Comment 14 Ivan Volosyuk 2011-01-18 05:44:06 UTC
With libata the bug is not reproducible, no hang processes, but current read fails with: [ 332.456512] sr 0:0:0:0: [sr0] Media Changed [ 332.456514] sr 0:0:0:0: [sr0] Result: hostbyte=0x00 driverbyte=0x08 [ 332.456517] sr 0:0:0:0: [sr0] Sense Key : 0x6 [current] [ 332.456521] sr 0:0:0:0: [sr0] ASC=0x28 ASCQ=0x0 [ 332.456524] sr 0:0:0:0: [sr0] CDB: cdb=0x28: 28 00 00 00 51 60 00 00 40 00 [ 332.456532] end_request: I/O error, dev sr0, sector 83328 This is probably expected behavior. It could be fine with me, but AFAIR the libsata driver had pretty fragile error handling on sense errors. When using 'safecopy' program the kernel or device often get stuck in some weird state. Could you take a look at it? I can try to reproduce it, but I'm not sure what information will be useful for a bug report... On Tue, Jan 18, 2011 at 9:58 AM, <firstname.lastname@example.org> wrote: > https://bugzilla.kernel.org/show_bug.cgi?id=15941 > > > > > > --- Comment #13 from Rafael J. Wysocki <email@example.com> 2011-01-17 22:58:48 --- > Yes, it is. The new driver is cdrom depending on sr_mod (SCSI stack). > > Can you try this one, please? You'll need the right PATA driver for > your controller too. > > -- > Configure bugmail: https://bugzilla.kernel.org/userprefs.cgi?tab=email > ------- You are receiving this mail because: ------- > You reported the bug. >
Comment 15 Rafael J. Wysocki 2011-01-18 19:03:38 UTC
I'm not a libata developer. Apart from this, I think it's better if you file a separate bug under Storage IO/SATA for that issue (please put my address into the CC list in there so that I can reassign it to the right people). I'm closing this one as "won't fix", because I don't think anyone is going to do anything about it at this point.

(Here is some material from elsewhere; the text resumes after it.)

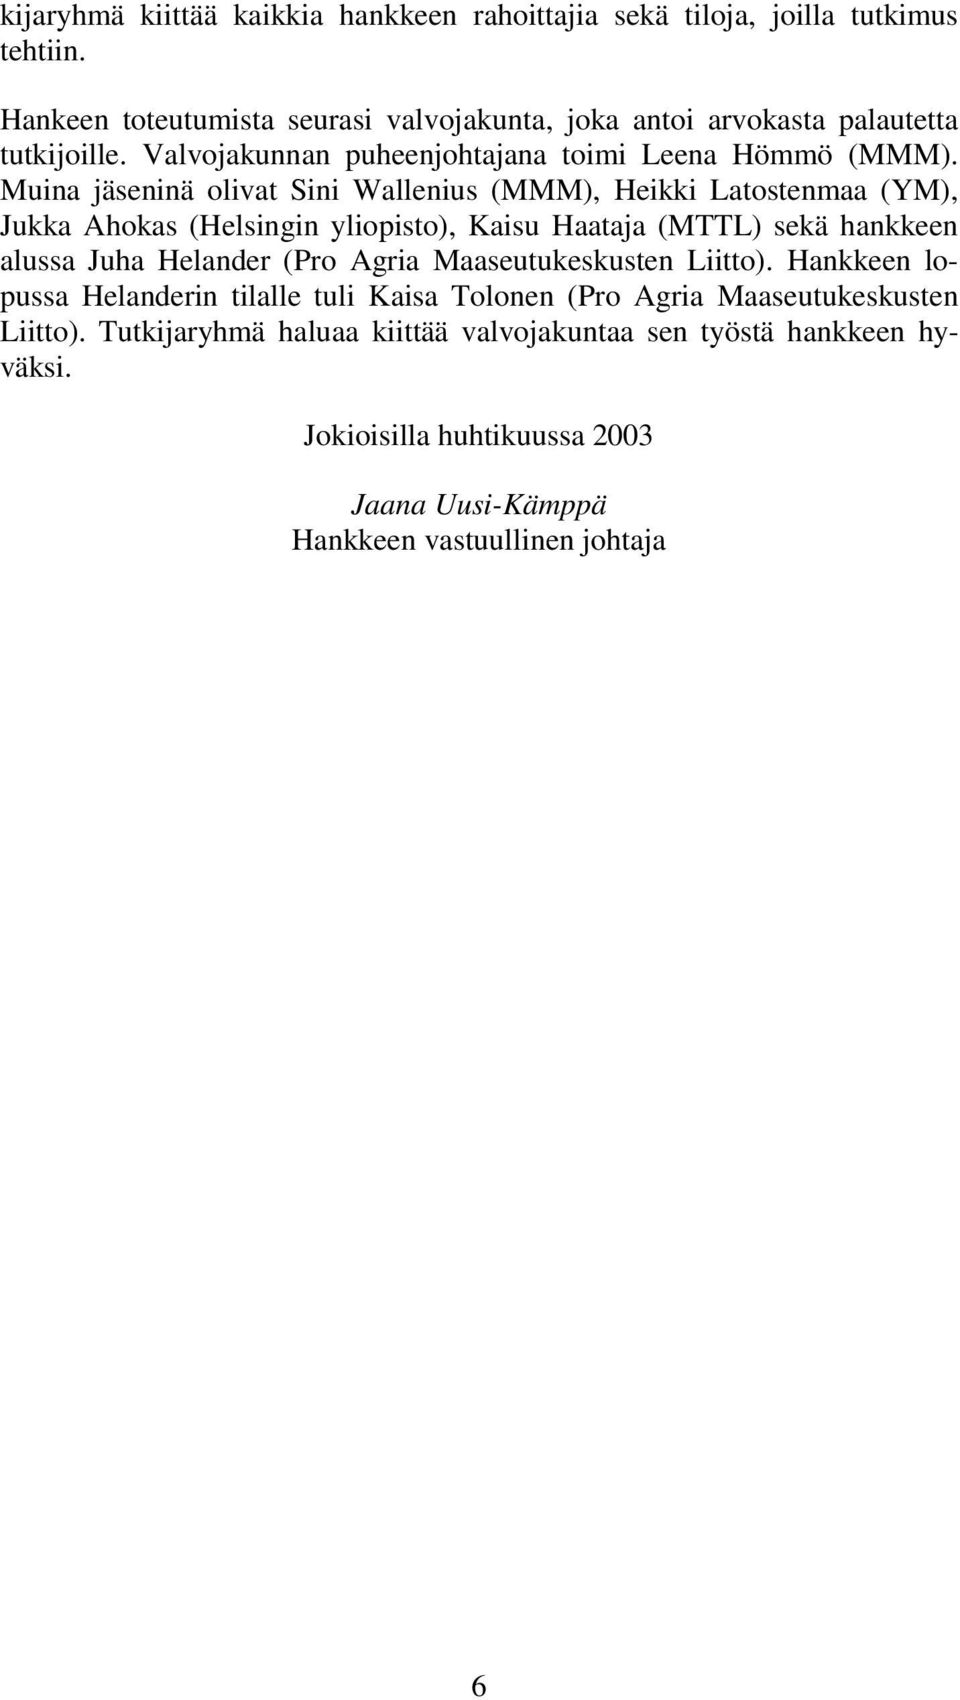 Muina jäseninä olivat Sini Wallenius (MMM), Heikki Latostenmaa (YM), Jukka Ahokas (Helsingin yliopisto), Kaisu Haataja (MTTL) sekä hankkeen alussa Juha Helander (Pro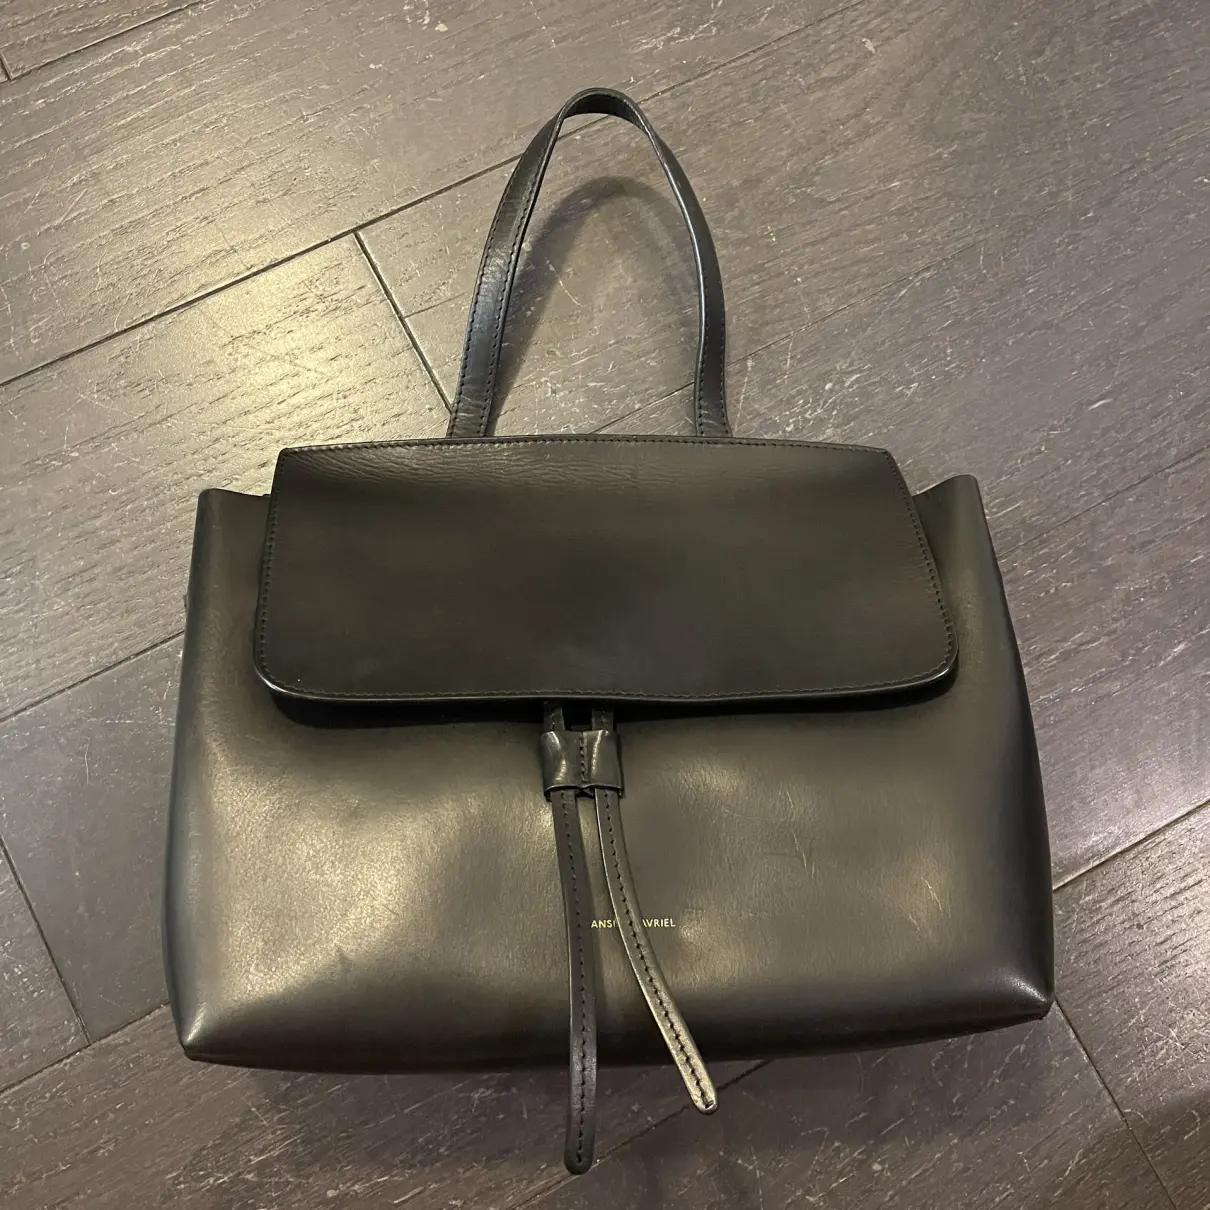 Buy Mansur Gavriel Lady leather handbag online

Comment 16 Robert Hancock 2011-01-19 00:13:21 UTC
(In reply to comment #14) > It could be fine with me, but AFAIR the libsata driver had pretty > fragile error handling on sense errors. When using 'safecopy' program > the kernel or device often get stuck in some weird state. Could you > take a look at it? I can try to reproduce it, but I'm not sure what > information will be useful for a bug report... If you see problems in current kernels, please open a new bug report and include the full dmesg log.